CoreML / Apple Neural Engine ships of nemotron-3.5-asr-streaming-0.6b (Conformer encoder + RNN-T decoder), optimized for on-device streaming ASR on Apple Silicon. Benchmarked on Apple M5 Pro / macOS 26.5.

Built on the 2026-05-29 base-checkpoint update.

Two models × 4 latency tiers = 8 bundles.

latin/ — one Latin-script-pruned vocab (2828 tokens) shared by en / es / fr / it / pt / de (smaller, faster joint).
multilingual/ — the full 13087-token vocab covering every language, including zh / ja (and 100+ more via prompt_id).

Each at four chunk sizes — 0.56 s / 1 s / 2 s / 4 s — trading latency for throughput. Pick the folder by script; pass the exact language at inference (--language de-DE). FluidAudio's downloader auto-routes the language to the right folder. Per-language results are in the table below and in manifest.json.

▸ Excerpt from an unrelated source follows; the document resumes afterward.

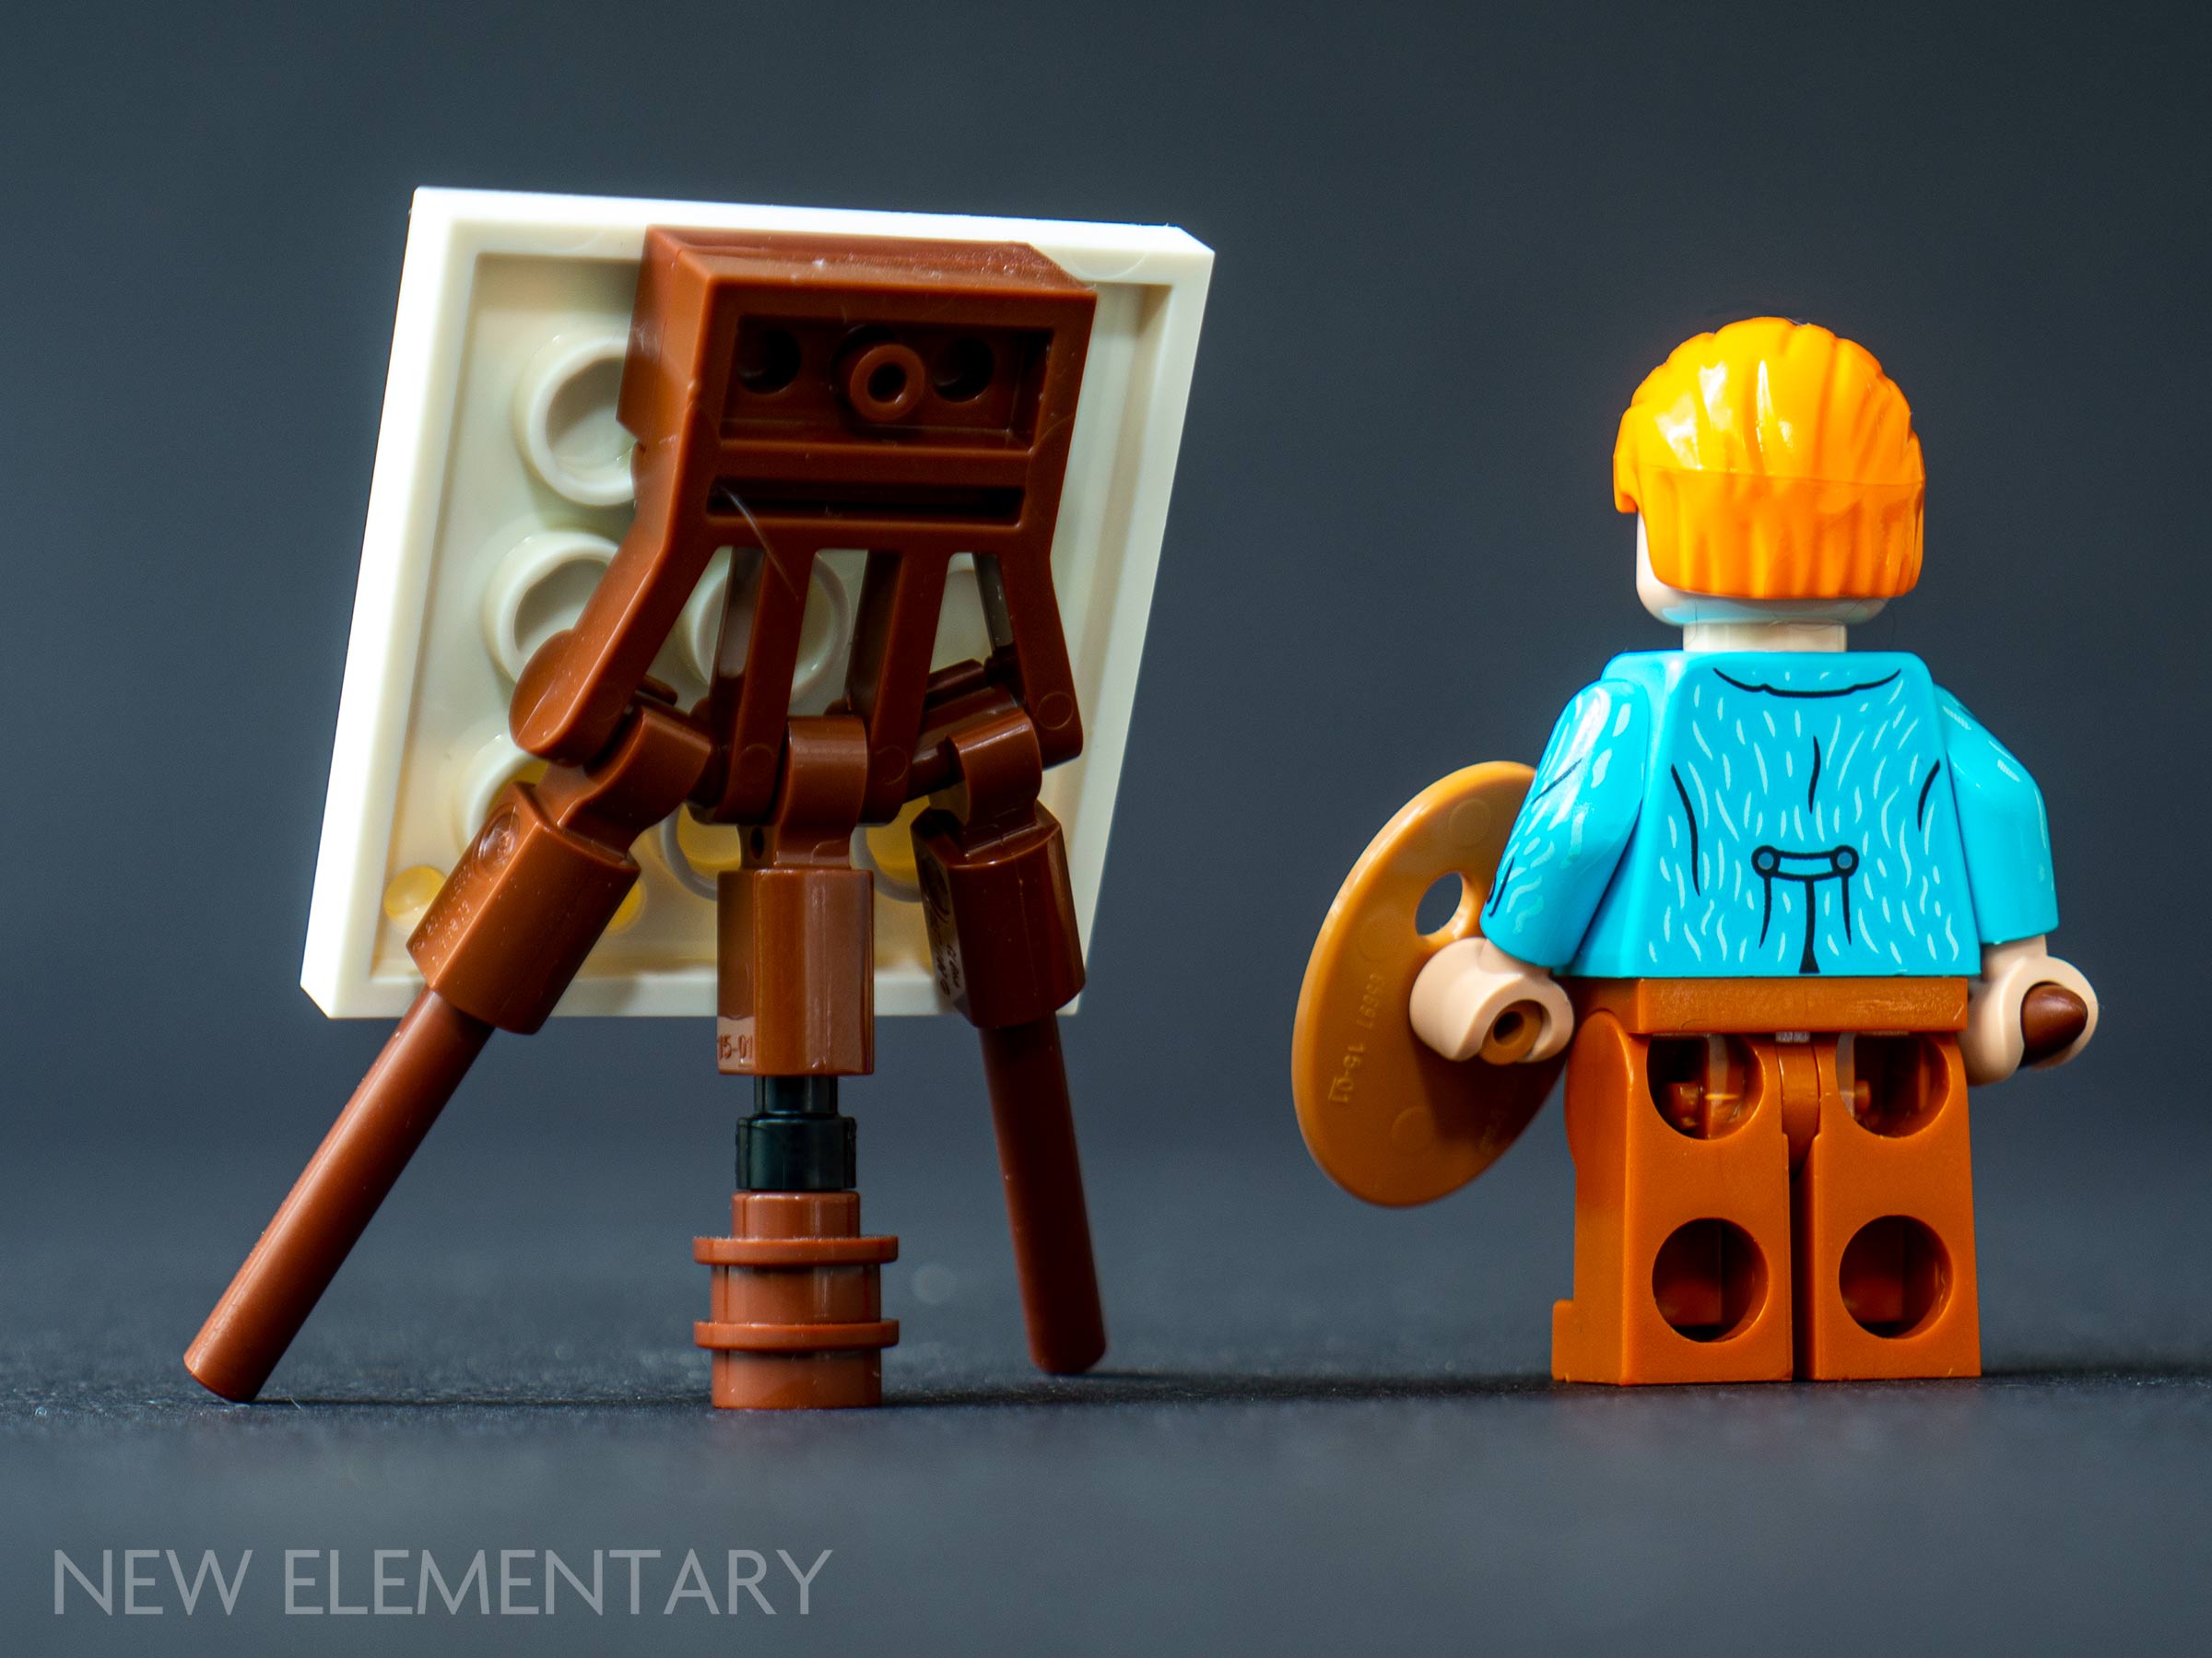 Lego - Self-Portrait by Vincent van Gogh

Ship matrix (per-file RTFx, single-stream batch=1)

RTFx = real-time factor (audio-seconds processed per wall-second; higher is faster). WER for Latin-script languages, CER for zh/ja (no word boundaries). All numbers are FLEURS test, full splits (see methodology). The Folder column is which bundle serves that language — the en/es/fr/it/pt/de rows are all the same latin/ model measured per language; zh/ja and Multilingual are the same multilingual/ model.

Language	Folder	Vocab	0.56 s (560 ms) ‡	1 s (1120 ms)	2 s (2240 ms) ⭐	4 s (4480 ms)	Test set
English	`latin`	2828	58 (9.43%)	103 (8.89%)	130 (8.96%)	122 (9.02%)	FLEURS en_us
Spanish	`latin`	2828	58 (4.95%)	106 (4.76%)	140 (4.80%)	136 (4.77%)	FLEURS es_419
French	`latin`	2828	57 (9.68%)	105 (9.44%)	130 (9.52%)	124 (9.42%)	FLEURS fr_fr
Italian	`latin`	2828	59 (5.68%)	109 (5.45%)	147 (5.41%)	150 (5.40%)	FLEURS it_it
Portuguese	`latin`	2828	59 (6.38%)	108 (6.11%)	141 (6.14%)	141 (6.18%)	FLEURS pt_br
German	`latin`	2828	59 (10.83%)	107 (9.78%)	144 (9.83%)	142 (9.83%)	FLEURS de_de
Chinese	`multilingual`	13087	22 (19.48% C)	27 (18.75% C)	89 (18.57% C)	90 (18.05% C)	FLEURS cmn_hans_cn
Japanese	`multilingual`	13087	21 (14.61% C)	26 (13.77% C)	84 (13.79% C)	89 (13.82% C)	FLEURS ja_jp
Multilingual	`multilingual`	13087	23 (9.15%)	71 (8.64%)	80 (8.76%)	78 (8.78%)	FLEURS en_us

‡ 560 ms is the lowest-latency tier but off the trained attention tiling — lower throughput and a small quality cost vs 1120 ms. Use 1120 ms+ unless sub-second latency is required.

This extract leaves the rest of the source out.